As for the strength of the servo, Untold is again correct. I started with a smaller servo but needed to upgrade to the one I listed.
Good luck on your project duggerpato!
So a bigger Ah figure just means your battery is going to last longer - it's not going to push any more current through the circuit.
The basic definition is:
Charge (coulombs) = Current (Amps) x Run time (Sec)
= Current (Coulombs/sec) x Run time (Sec)
But it's easier to use in units of Amp x hours rather than Amp x sec, like so:
Charge (Amp Hours) = Current (Amps) x Run time (Hours)
Helps you figure out how long the battery will last (roughly, it won't discharge evenly).
Current capacity is how fast the fuel can flow out of the system. That is what sounds more related to the issue you guys are discussin.g
Hope this helps,
David
That's a good idea, I didn't think of using two RFID readers. Since I have this system (http://www.sparkfun.com/tutorials/135) set up, I was just going to have the push button start work only within a specified time after the doors are unlocked. I like your idea, but I am not sure if the range of the RFID reader (even the ID-20) would be enough.

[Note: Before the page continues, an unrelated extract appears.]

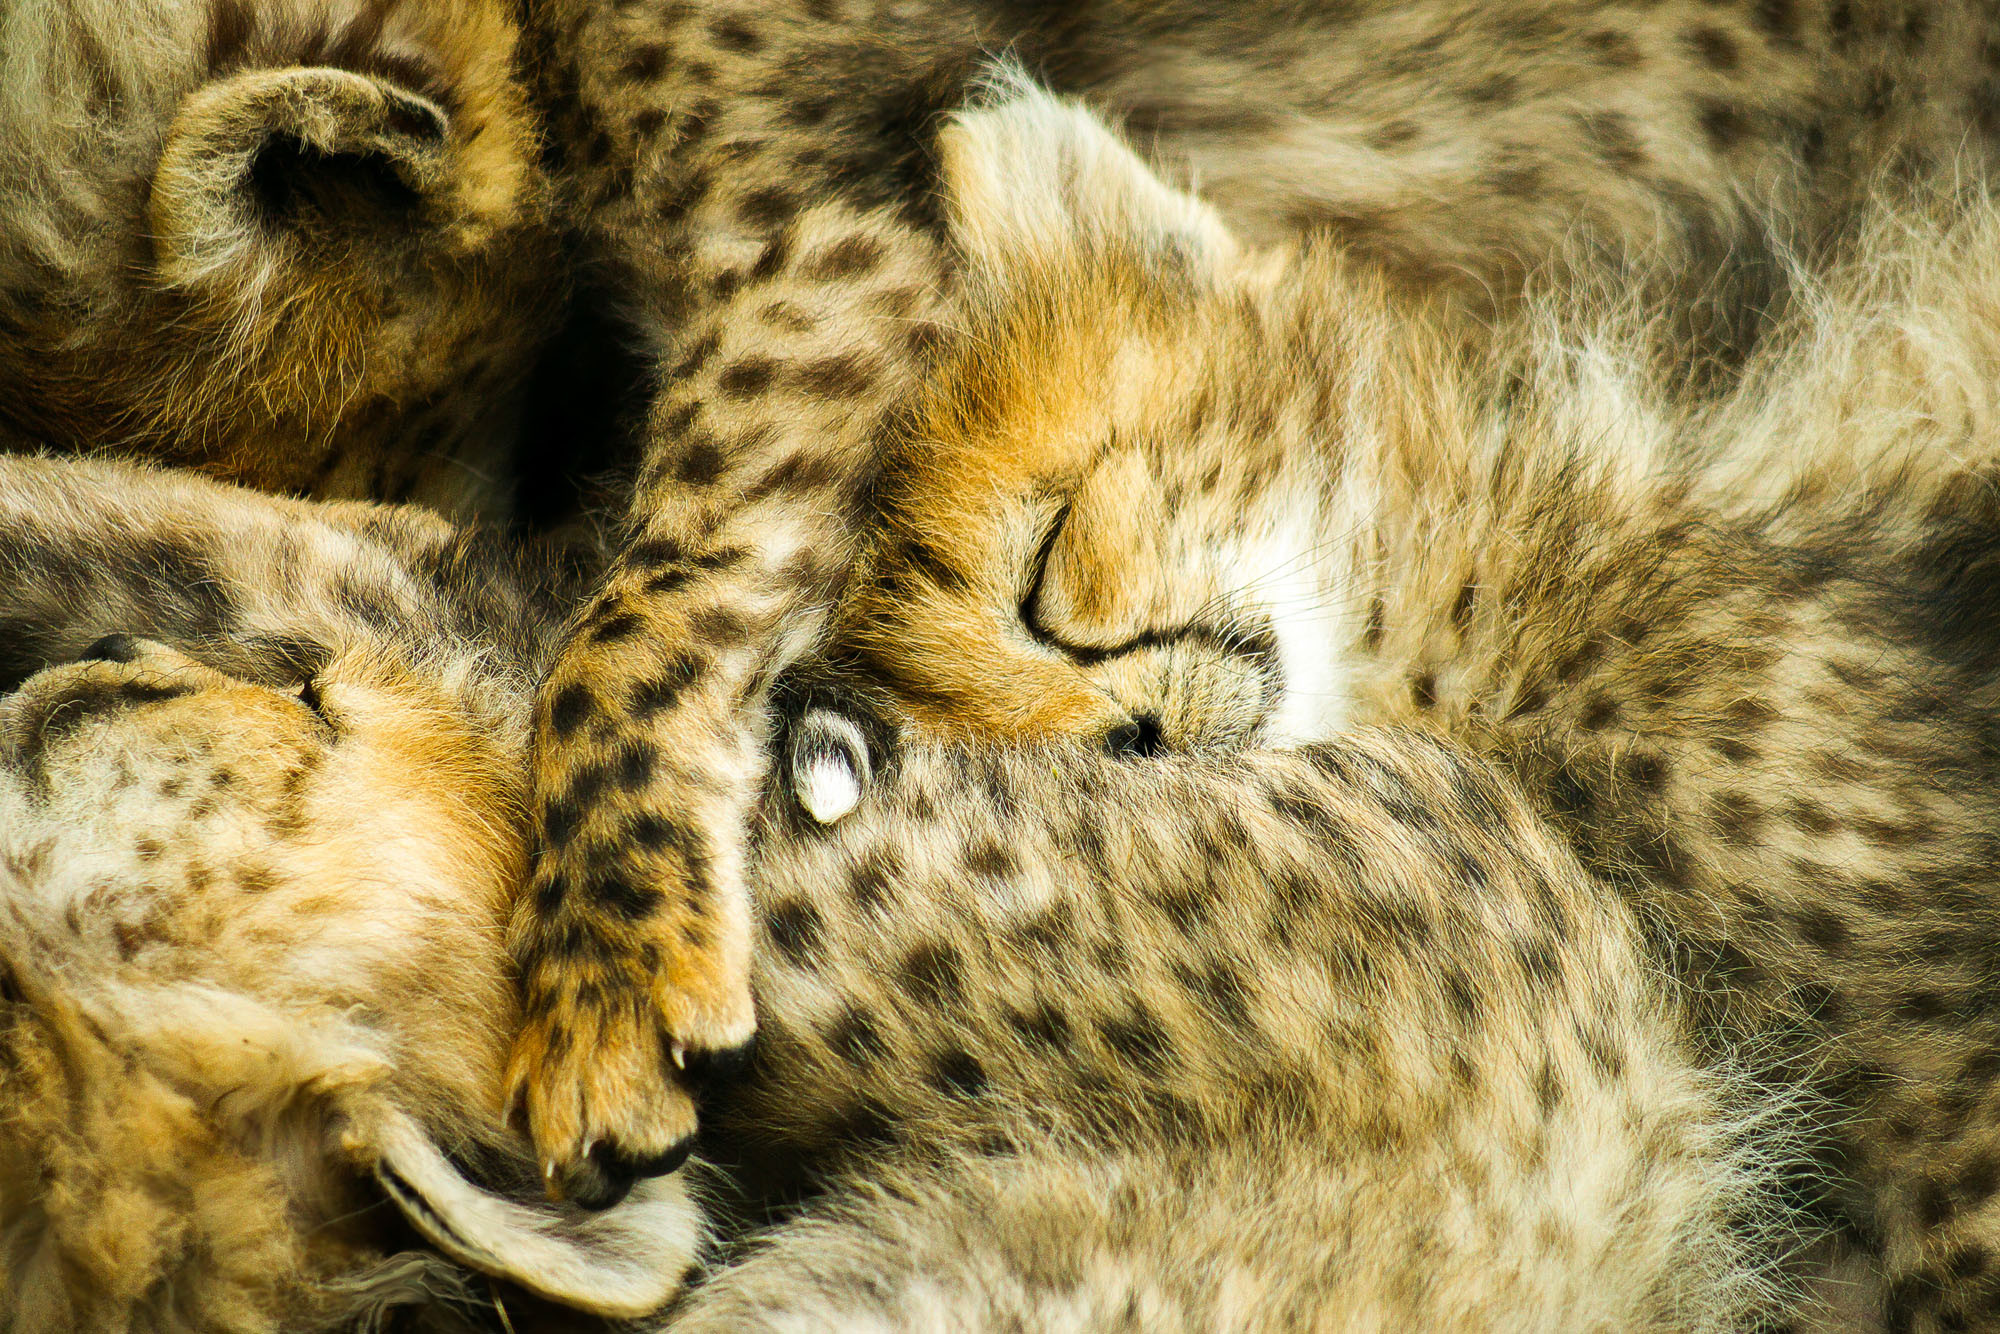 Here's how you can have a sleepover with a baby cheetah

Then just for fun, I would have another project that monitors both the seat switch that triggers the seatbelt warning, and the RFID status - if someone sits in the seat without the correct RFID card, then a bogus security message will prompt them to enter a code on a keypad in order to bypass the alarm. The keypad will actually be a way to compose music over an external PA speaker. This prompt of course will inform you that your card isn't registering properly.
You could have a rhythm track that plays for 5 seconds whenever a key is pressed. And a countdown timer that plays the rhythm track plus any key presses that were recorded to memory. The implication being that your friend needs to enter something before the timer runs down. All the while another track keeps playing 'Please enter code'
And on the ardunio, when the programer is pluged in the unit switches to usb power. Which is 5volt at around 750ma. 750ma is the max usb can give out. This may not be enough for certian servos. A method I see that works is a relay to control the highet power for the servo. Yes it is more wiring and tweaking in the code. Hope this helps
nice ible dude, i mean duke!
http://www.youtube.com/watch?v=-zbC6T6sfZM
skip to 1:52
If that's what you were referring to, that a very creative use. Though it may be just as effective to also set it up to use the RFID tag to unlock the doors.

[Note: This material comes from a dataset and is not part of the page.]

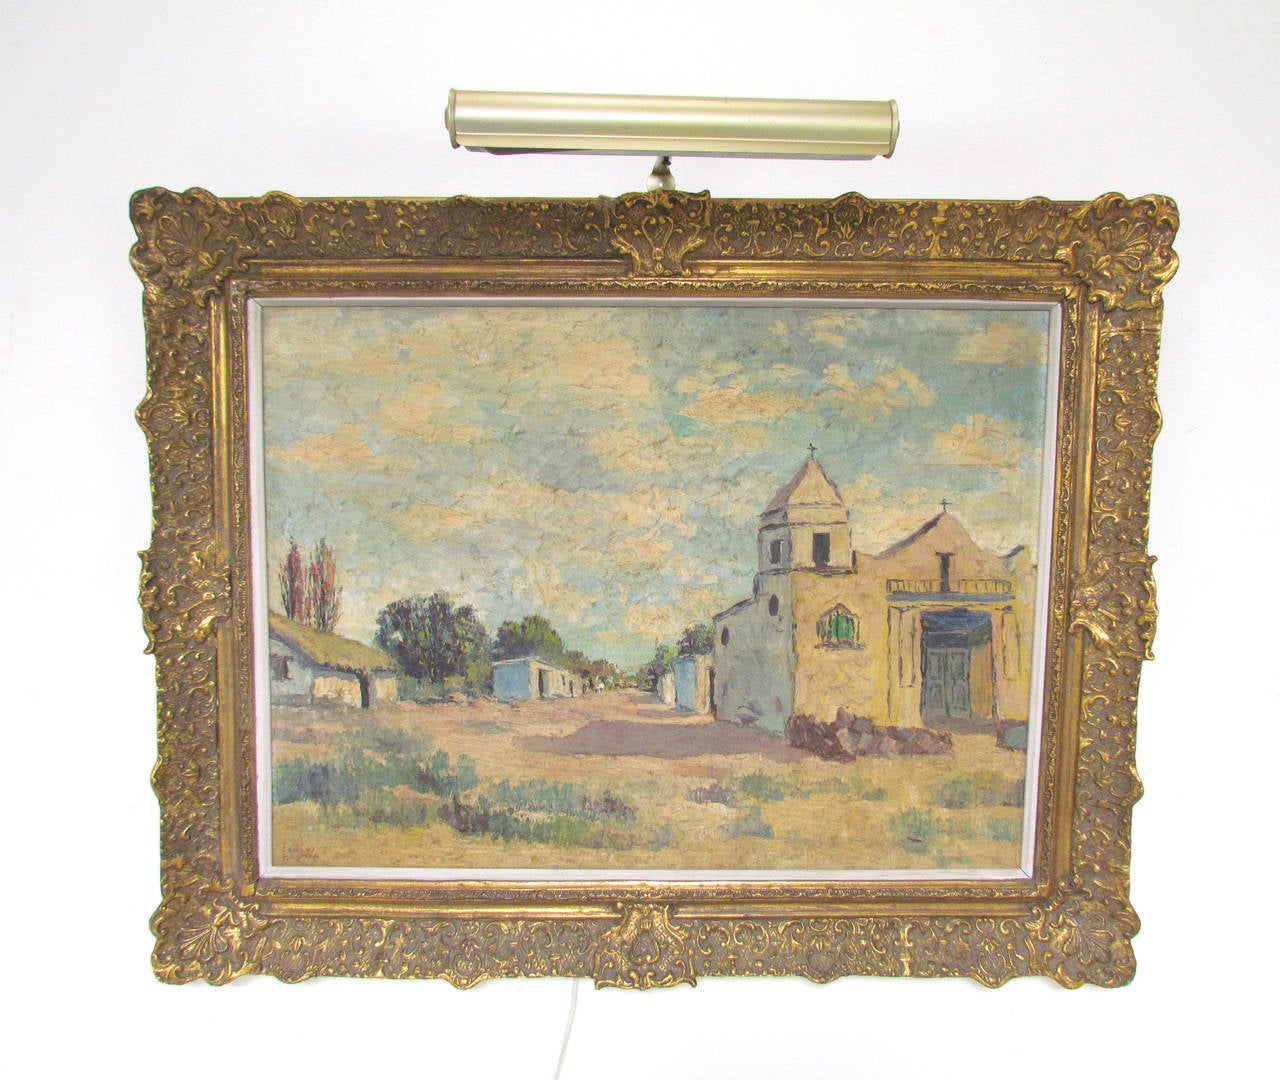 Striking palette knife oil painting of a village in Argentina, circa 1950s. Classically framed large-scale work depicting a Mission and street view by known Argentinian itinerant artist Carlos Brondo. Has an almost Southwestern flair.

I see you are not putting the Arduino to sleep. This means it constantly takes about 40mA from the battery which is quite a bit. with 4.5A/h battery you get 110 hours of operation. If you are putting it to sleep for 1second, wakes up for polling the RFID (that will be very few mill-seconds and back to sleep) you will get an average current drawn that is substantially less and much more battery time. You could easily apply a factor of 20 to the above (so few months instead of current ~5 days). Plenty of samples for that, you can see my simple parking sensor instructable for one http://www.instructables.com/id/Simple-Parking-Sensor/ .

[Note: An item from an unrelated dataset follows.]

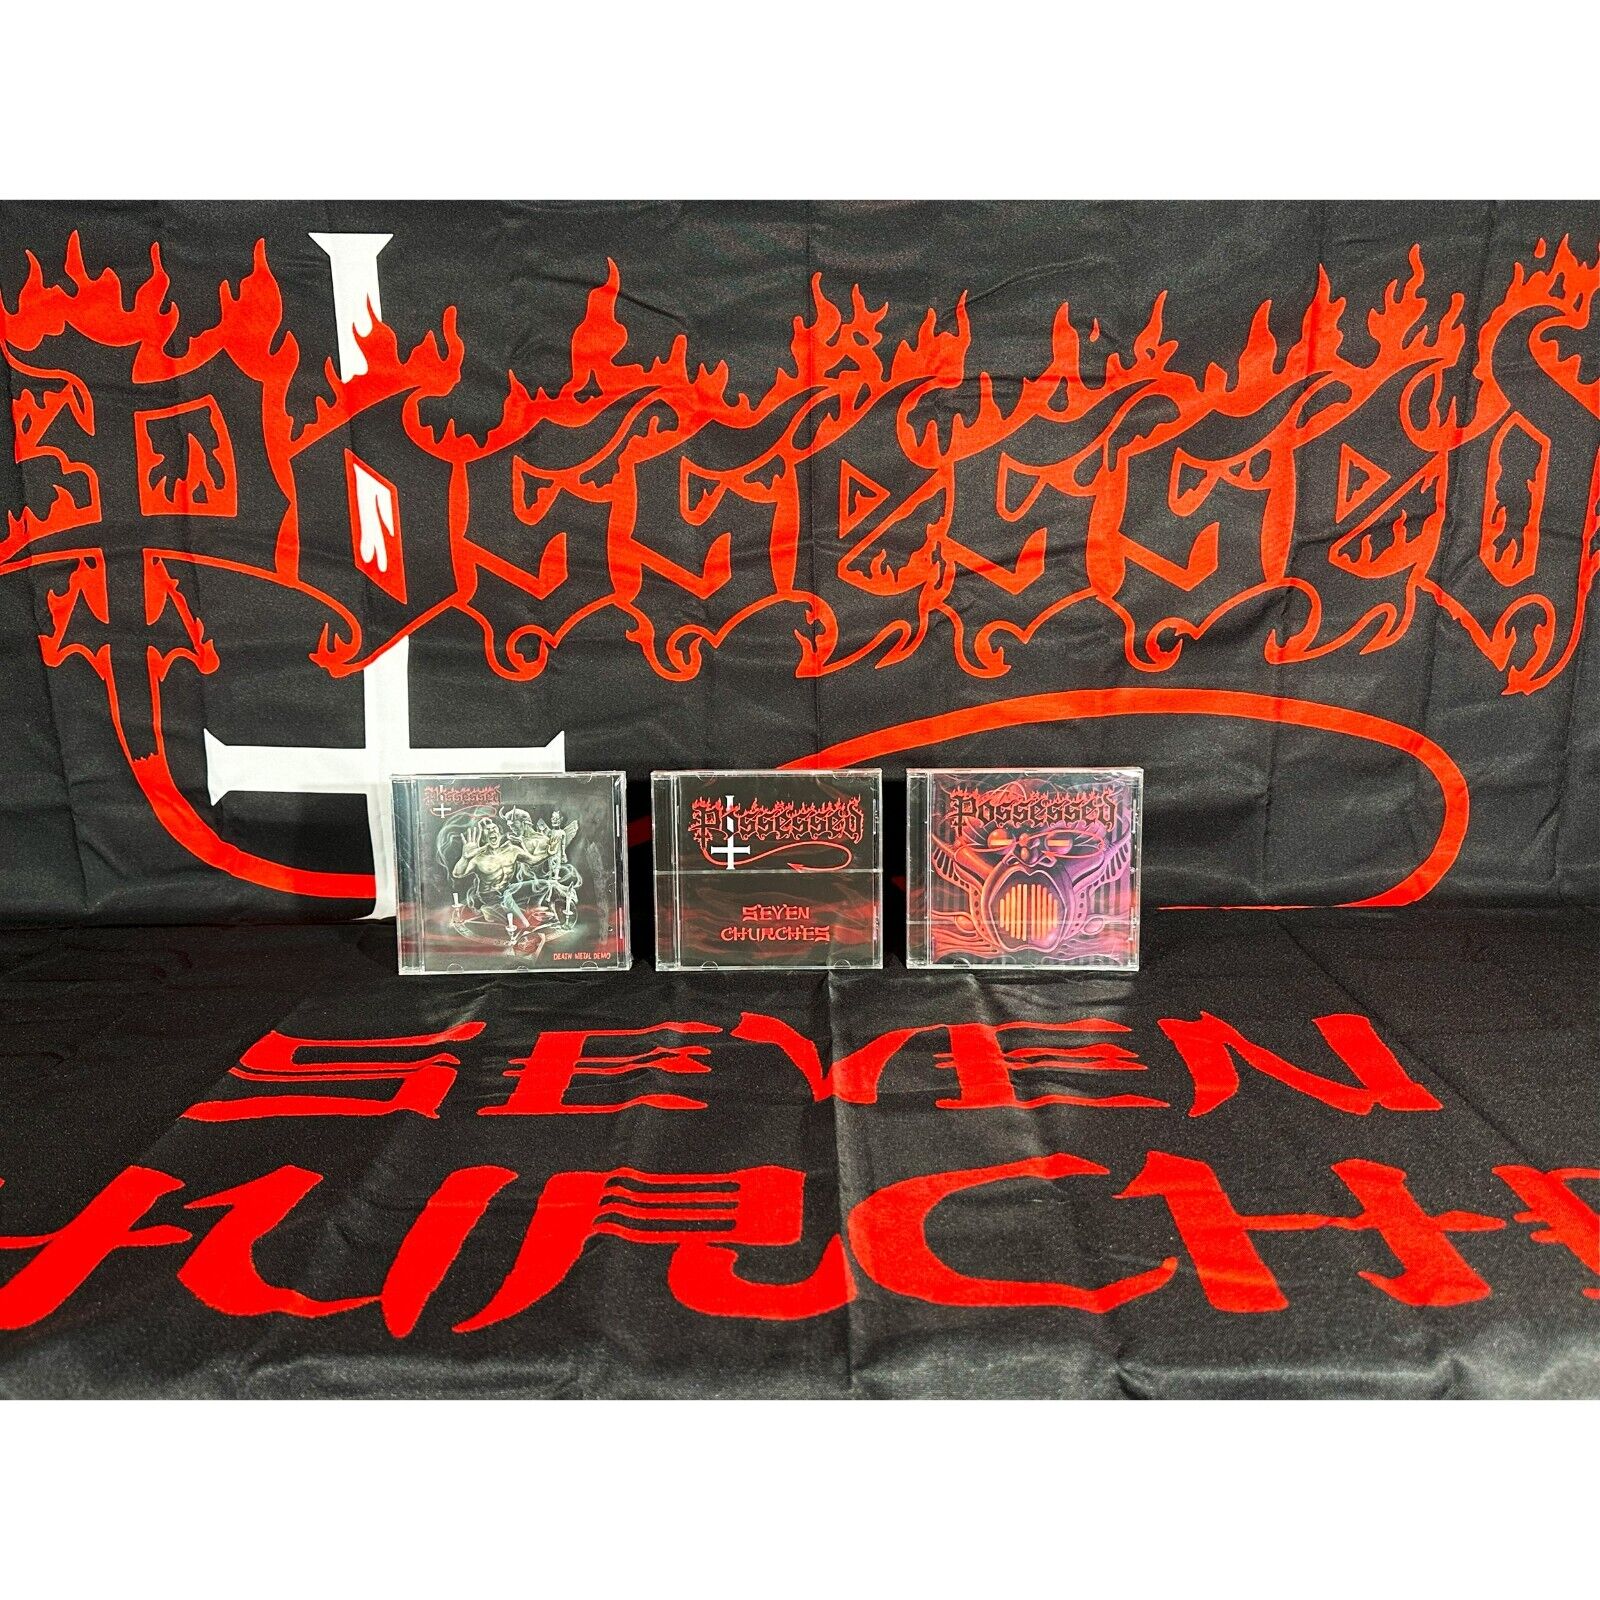 POSSESSED Death Metal Demo / Seven Churches / Beyond The Gates 3x CD with Flag

Few things to note when doing that:
1. Reduce unnecessary debugging messages and shorten them to reduce wake up time.
2. Make the serial fastest you can (115,200)
3. Remain time efficient in code, even at cost of space.
I got a factor of almost 50 with sleep of 2 seconds. The downside of that is the user experience can be of a delayed response to sensing the RFID. I think one second sleep will not an issue (on average a delay of 0.5second).